However, it should be noted that the method of magnetron high-frequency sputtering is characterized by greater technological complexity and low productivity.

4.2. Chemical–Thermal Oxidation

The formation of surface oxides on zirconium and its alloys is also possible chemically.
For example, in [42], using the in situ synchrotron X-ray diffraction (S-XRD) technique, an analysis of oxide layers formed on Zircaloy-4 alloys in an air furnace was performed at oxidation temperatures of 650 °C (Test A) and 710 °C (Test B) with a heating rate of ~11.2 °C/min and holding time of ~40 min. The growth kinetics of the oxide layer is shown in Figure 2. The thickness of the oxide was determined based on the measurement of the increase in weight. It can be seen that the increase in the film thickness occurs according to the parabolic law. However, the protective ability of such a coating is a limited resource, as evidenced by ex situ data obtained for a long time in an autoclave at 360 °C (Figure 3).
By S-XRD, it was found that as the oxide thickness increases over time, stress relaxation occurs in both the monoclinic and metastable tetragonal phases. In this case, a decrease in the fraction of the tetragonal phase is noted. It was shown by the finite element method that the effect of creep on stress relaxation in the oxide layer is negligible. This means that relaxation processes are associated with other mechanical degradation mechanisms, such as the development of roughness at the metal–oxide interface or the destruction of the oxide layer itself.
A study was carried out and a comparison was made of the features and kinetics for thermal oxidation of the Zr-2.5Nb alloy obtained by various technological methods (conventional casting, forging, electron-beam melting, hot isostatic pressing) in the temperature range 450–600 °C [24]. It was found that the oxidation kinetics of cast and forged materials obey the parabolic law, while for alloys subjected to hot isostatic pressing and electron-beam melting, parabolic linear dependence is characteristic. The authors attribute the differences to the distinctions in grain size of the structure of the materials, since the large size of the grains increases oxidation. Be that as it may, the oxide layers of all materials mainly consisted of the monoclinic zirconium phase and a minor amount of the tetragonal zirconium phase which transformed from t-ZrO2 back to m-ZrO2 with increasing oxidation time. The surface hardness of cast, forged and hot isostatically pressed materials increased from 215, 204 and 188 HV to 902, 1070 and 1137 HV after oxidation, respectively. Analysis of the cross-sections of the materials showed the presence of micropores and microcracks inside oxide layers with a thickness of 4 to 8 μm. The authors conclude that it is possible to obtain a dense layer of black m-ZrO2 oxide with a smooth surface and a hardness of 902 HV at a temperature of 600 °C and an oxidation time of 3 h.

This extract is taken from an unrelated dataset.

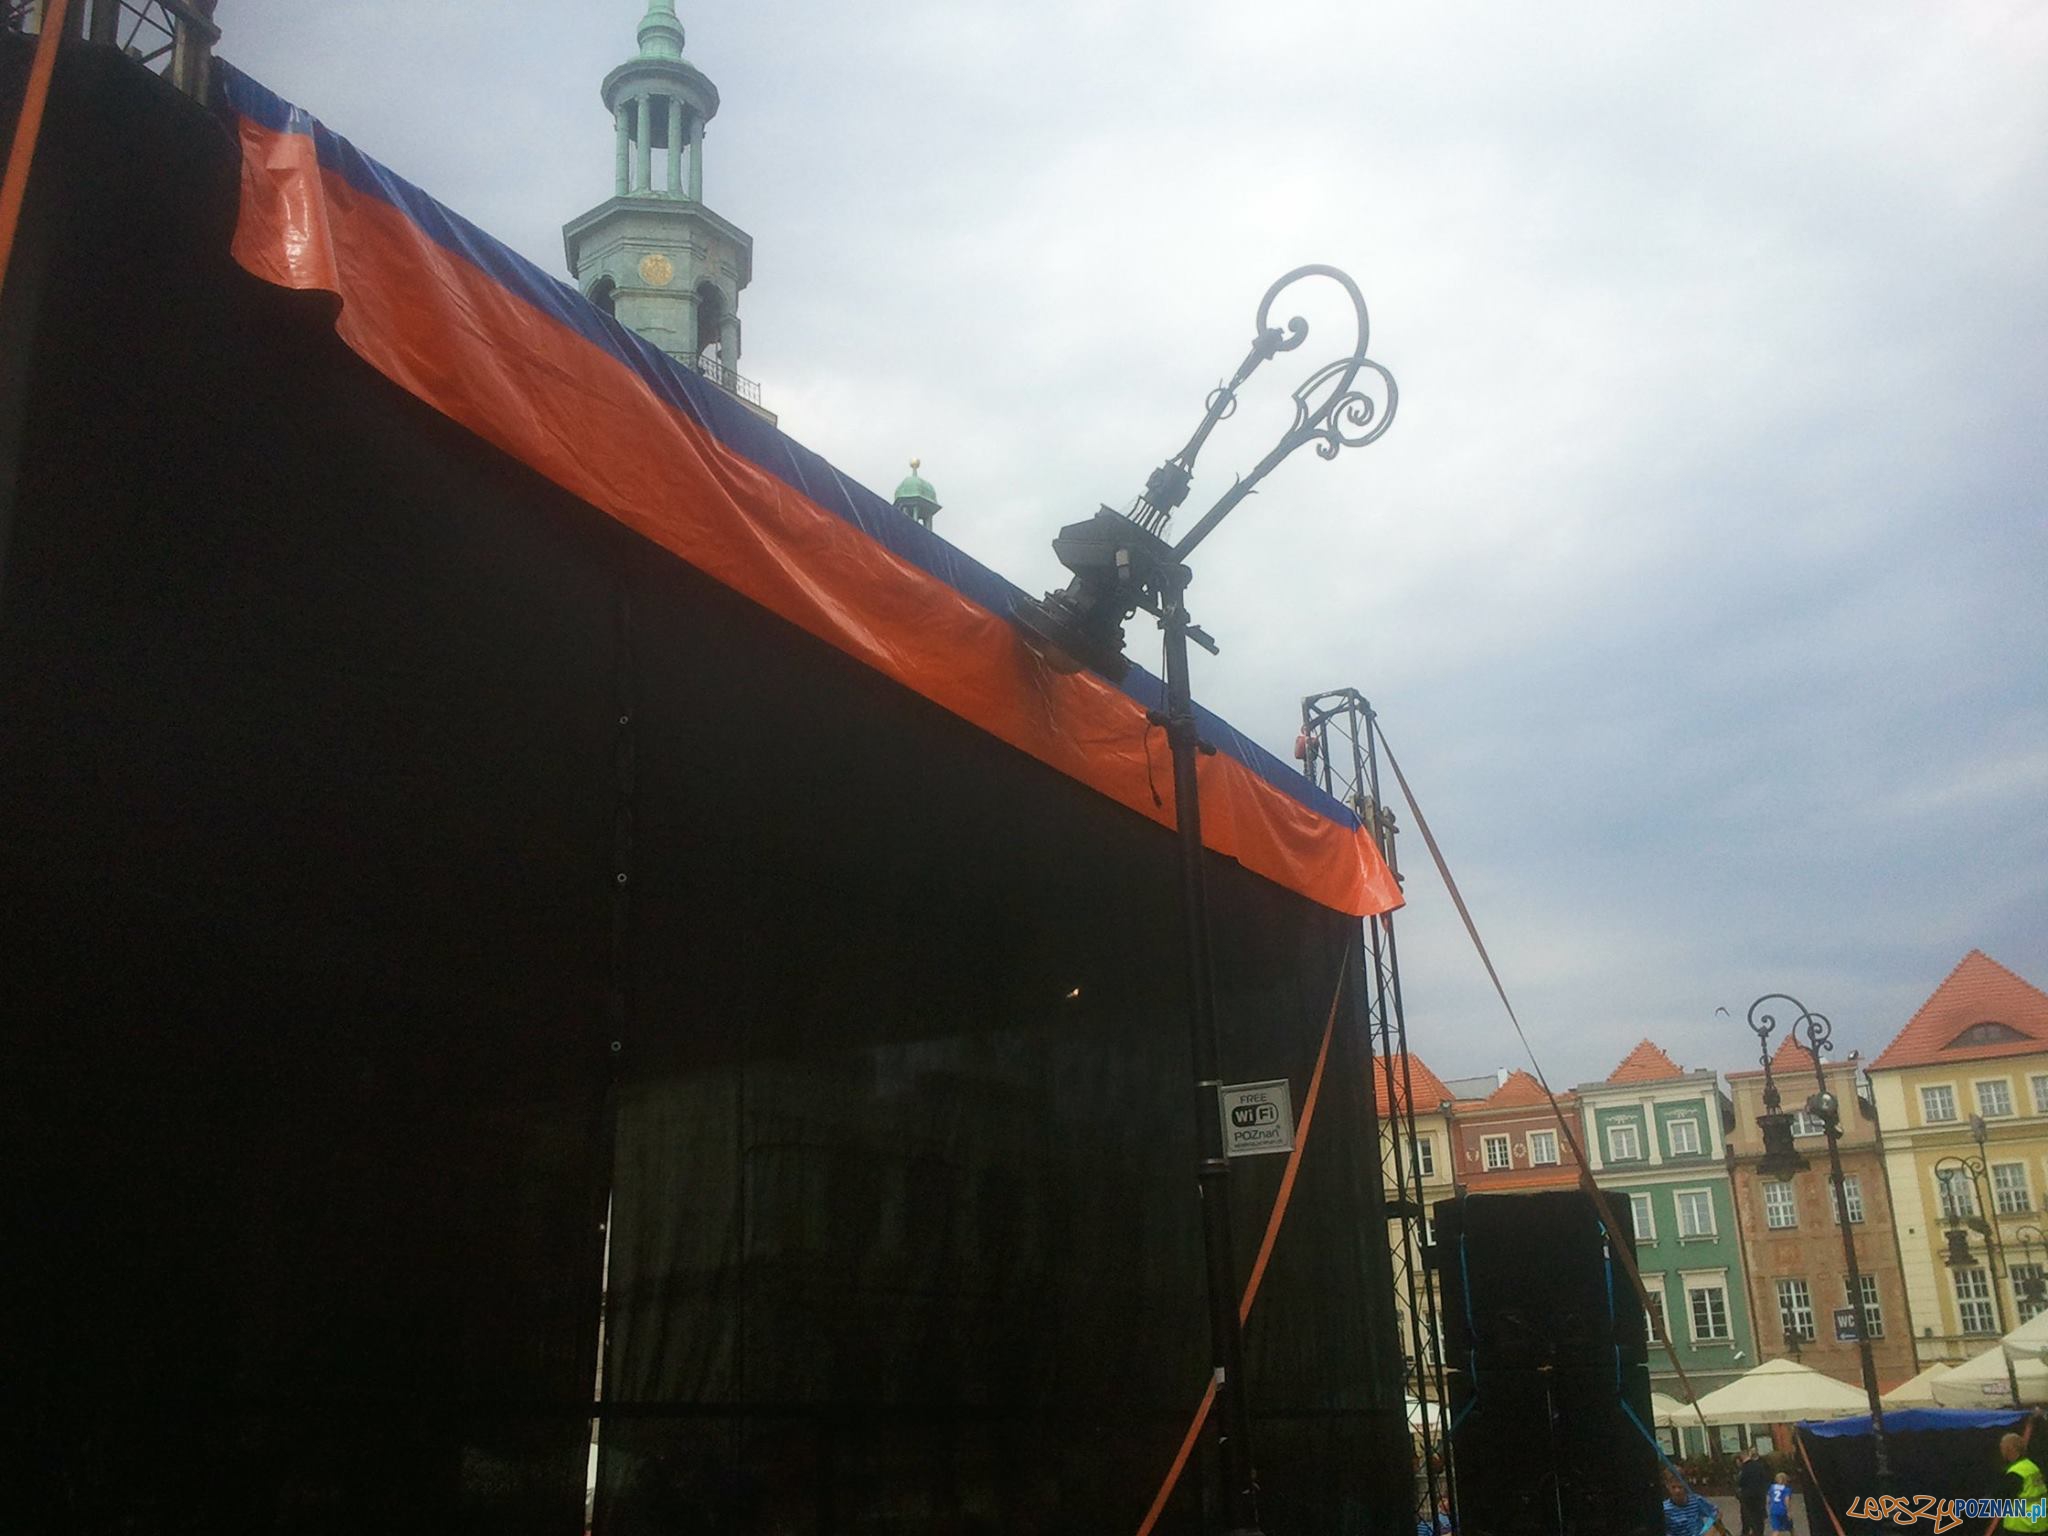 Uszkodzona latarnia na Starym Rynku  Foto: news@lepszypoznan.pl

There are some noteworthy investigations of the impact of chemisorbed fluorine on the surface thermal oxidation of Zr [69,70,71,72,73]. Based on the pseudopotential theory formulated by V. Heine, M. Cohen and D. Weir [74], the influence of impurities according to their period (B, C, N2, O2, F2) and type (B, C, N2, O2, F2) on the scattering of valence conduction-band electrons was studied. According to their model, the increase in a nucleus charge of an impurity results in a rise in the electron scattering at its ionic atomic core. This is equivalent to the increase in the doped ion shielding by conduction-band electrons or to the increase in the charge’s “cap” around the doped ion. The fluorine ion, which has the deepest potential pit, has the highest charged “cap”. Formation of the charged “caps” around an impurity leads to the decrease in electron density in gaps, located between the scattering centers, not as a result of electron number change in the surface metal layer, but as a result of their relocation. The latter circumstance is tantamount to the thermal expansion of the lattice, and in this case the “increase in temperature” in the gaps with smaller electron density. The depth of a potential pit increases with the period and type of the abovementioned impurities. Thus, fluorine gives the deepest potential pit, and the effective scattering of conduction-band electrons increases with the ionic atomic core of the impurity.

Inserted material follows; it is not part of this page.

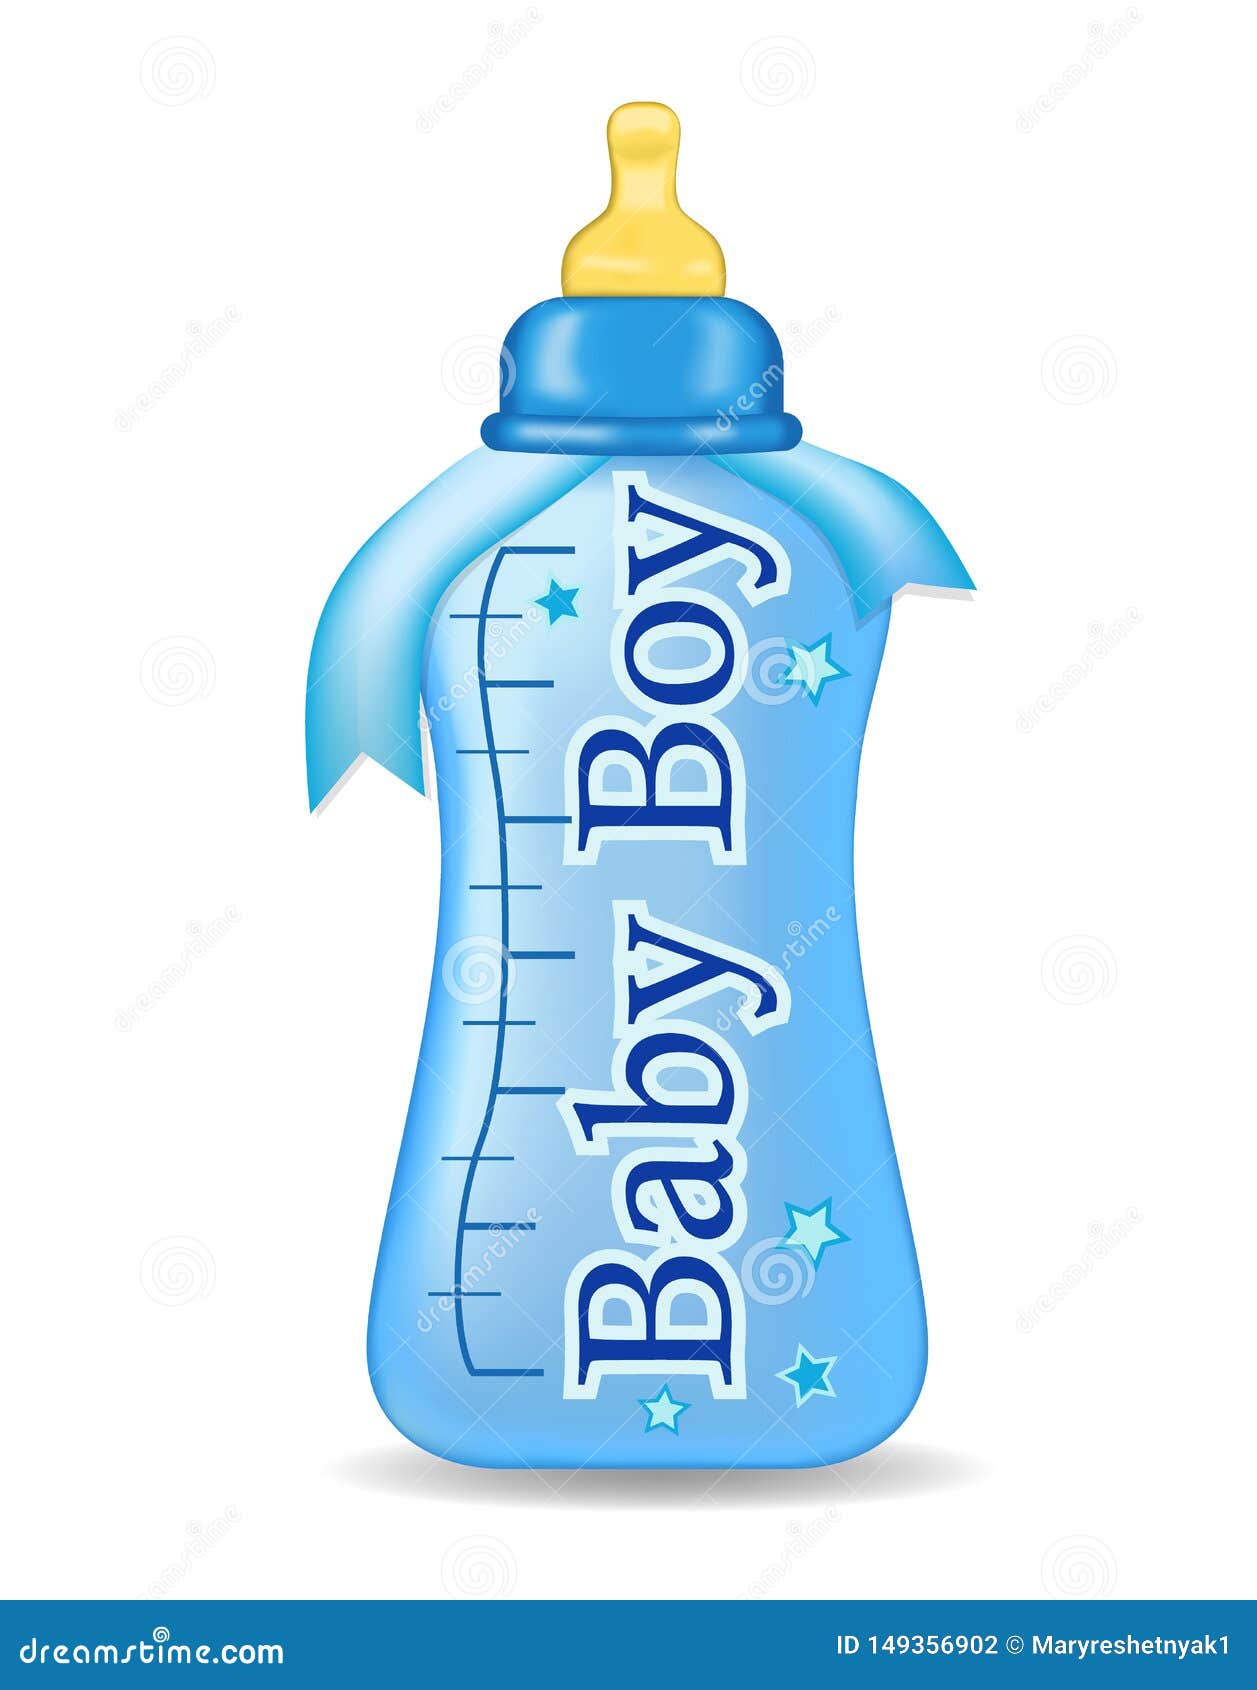 Download Background With Baby Bottle Cartoon Vector | CartoonDealer.com #50702933

A similar mechanism (so-called “screening effect”) leading to the decrease in strength of Me1-Me1, Me1-Me2, etc., atomic bonding at places of a metallic surface, which are free from chemisorbed ions, was proposed by V.A. Tskhai and P.V. Gel’d [75]. The screening effect is based on the system energy gain, which takes place previously and occurs as a result of the electrostatic repulsion between the electrons of the fluorine ion and the electrons providing interatomic bonding in the surface metallic layer. This leads to the breaking of this bonding. Therefore, the system energy decreases, and the activation of a metallic surface takes place. The higher affinity for a metal an anion has, the more strongly the screening effect and activation of a metallic surface occur.
The experimental data given in [69,70] prove the activation of a metallic surface during the chemosorption of fluorine ions on it. It was established that the activation of a metallic surface results in the formation of only superoxides during their further high-temperature air oxidation. Particularly, on a surface of Zr and Zr-2.5% Nb alloy, mainly ZrO2+δ forms over a wide temperature range (600–1000 °C) (δ—excess of oxygen from its stoichiometric content in zirconium dioxide). The formation of a brittle phase of oxygen solid solution in α-Zr almost does not exist.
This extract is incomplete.